Slim is affiliated with the Free Patriotic Movement, which rejects the extension of Aoun’s mandate.

He said: “The law does not permit the extension of the army commander’s term after reaching the retirement age.

“The exceptional cases provided for by the law do not apply to the present situation, and it’s impossible to disregard them whatever the reasons.”

Al-Rahi responded, saying that “the region is on fire, and we don’t have a president,” according to remarks cited by the Patriarchate.

Residents of border areas, who returned to their homes last week after the truce took effect, are worried that the situation might deteriorate in south Lebanon.

Many people fled to safer areas on Friday.

According to the UN Office for Coordination of Humanitarian Affairs, around 55,000 people have been displaced from south Lebanon due to tensions there.

About 52 percent of the displaced are females.

According to local statistics, hostilities on the southern front have led to the closure of around 52 private and public schools in border villages, where 6,000 students receive their education.

Moreover, Israel’s use of phosphorus bombs burned around 460 hectares of forests and over 20,000 olive trees.

The Israeli forces announced on Friday afternoon that their defense system intercepted a “suspicious flying object that crossed the border from the direction of Lebanon.”

According to security reports, Israeli reconnaissance aircraft continued to fly in the southern skies, especially over villages and towns closer to the border.

The Israeli army carried out a sweeping operation with medium machine guns around the Israeli Al-Raheb site opposite the Lebanese town of Aita Al-Shaab.

Andrea Tenenti, spokesperson for UNIFIL, the UN peacekeeping force in Lebanon, said the pillars of UN Resolution 1701, adopted 17 years ago to resolve the 2006 war between Israel and Hamas, remained valid.

Tenenti spoke as UNIFIL personnel continued carrying out their routine tasks.

He said that preventing escalation, protecting civilian lives, and ensuring the security of peacekeepers remained a priority.

Tenenti stressed that UNIFIL — led by Maj. Gen.
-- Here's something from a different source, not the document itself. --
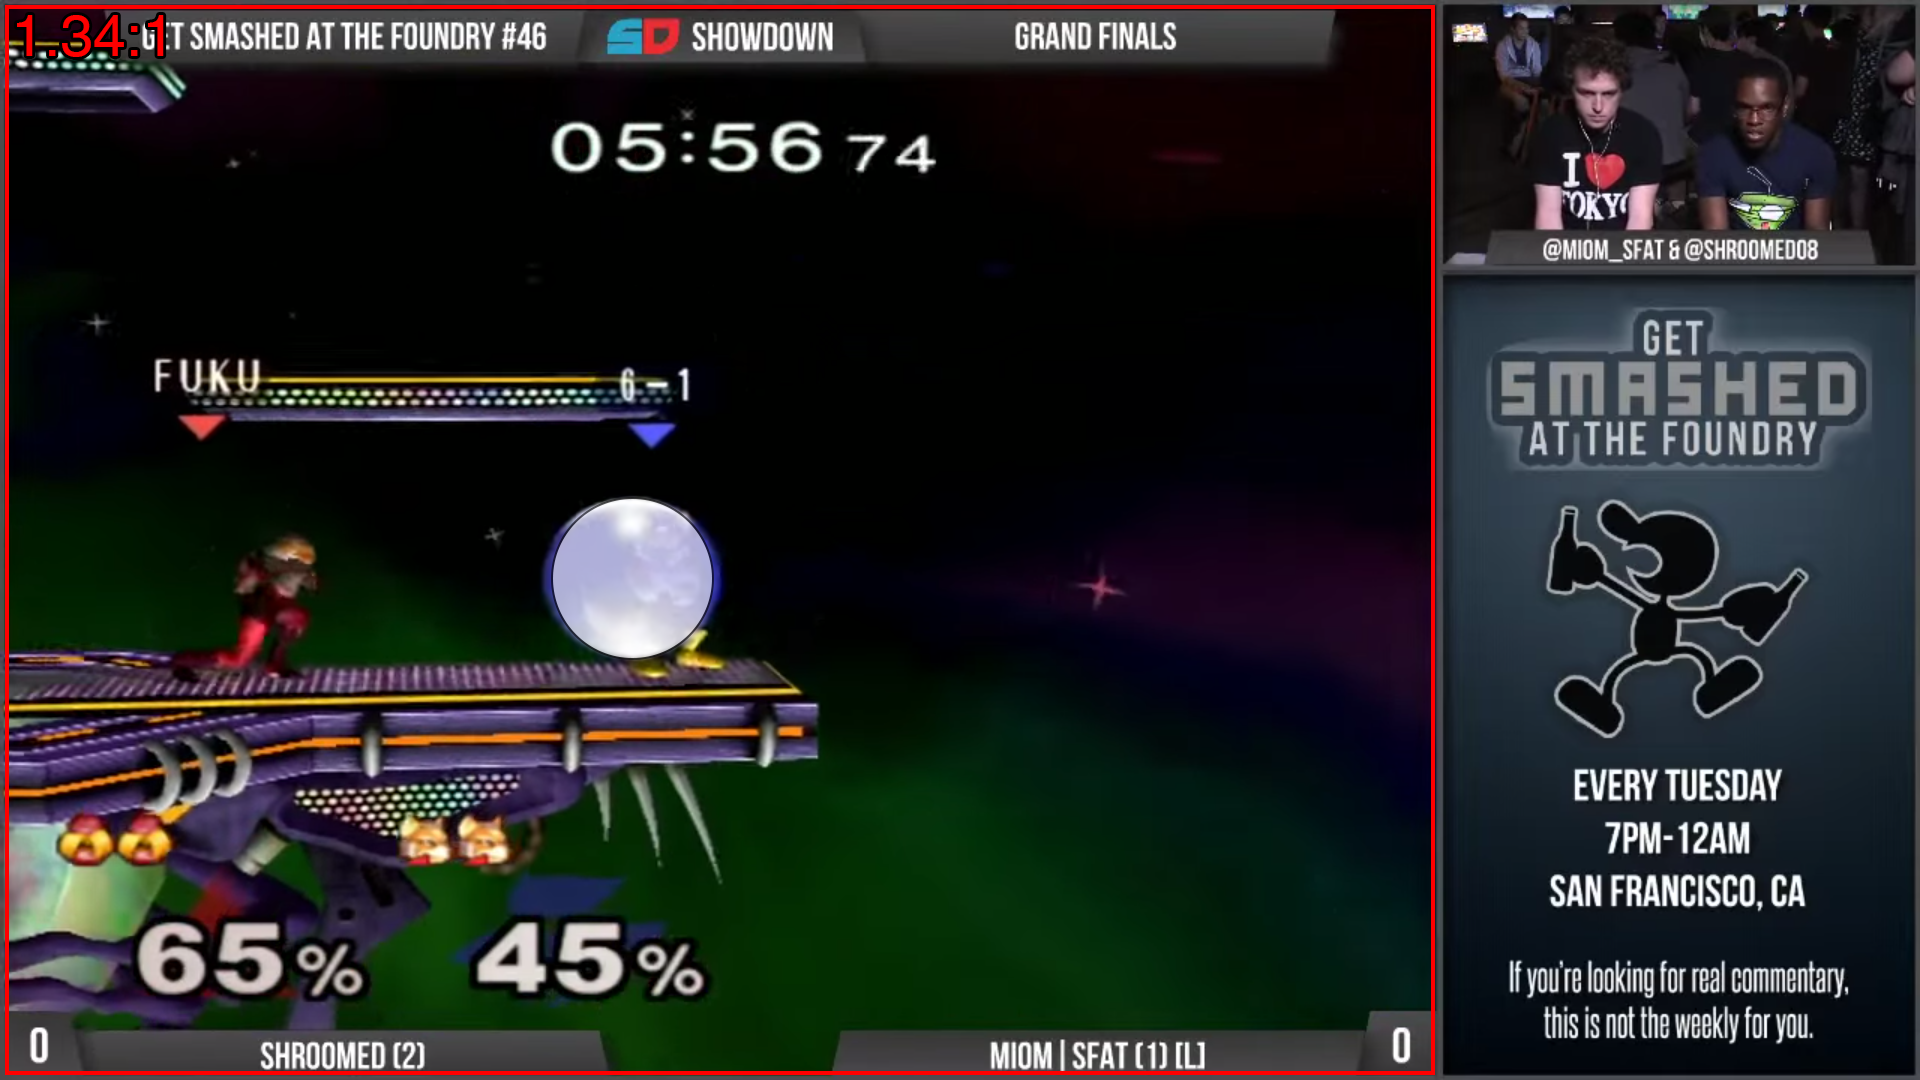 Aspect ratio of Melee on a Foundry stream

Aroldo Lazaro — was actively working to reduce tension and prevent the risk of broader conflict through talks with both Israel and Lebanon.

The meetings are attended by officers from the Lebanese and Israeli sides under the supervision of the UN, represented by UNIFIL.

Hezbollah opened a second front in southern Lebanon on Oct. 8 in support of the resistance in the Gaza Strip.

The move constitutes a violation of UN Security Council Resolution 1701, which prohibits the presence of any armed entity in the area except for the Lebanese army and UNIFIL.

MP Pierre Bou Assi from the Lebanese Forces said that Resolution 1701 was issued after all parties, including Hezbollah, approved it.

He stated that its implementation should be natural and intuitive and that adherence to it is necessary to prevent war in Lebanon.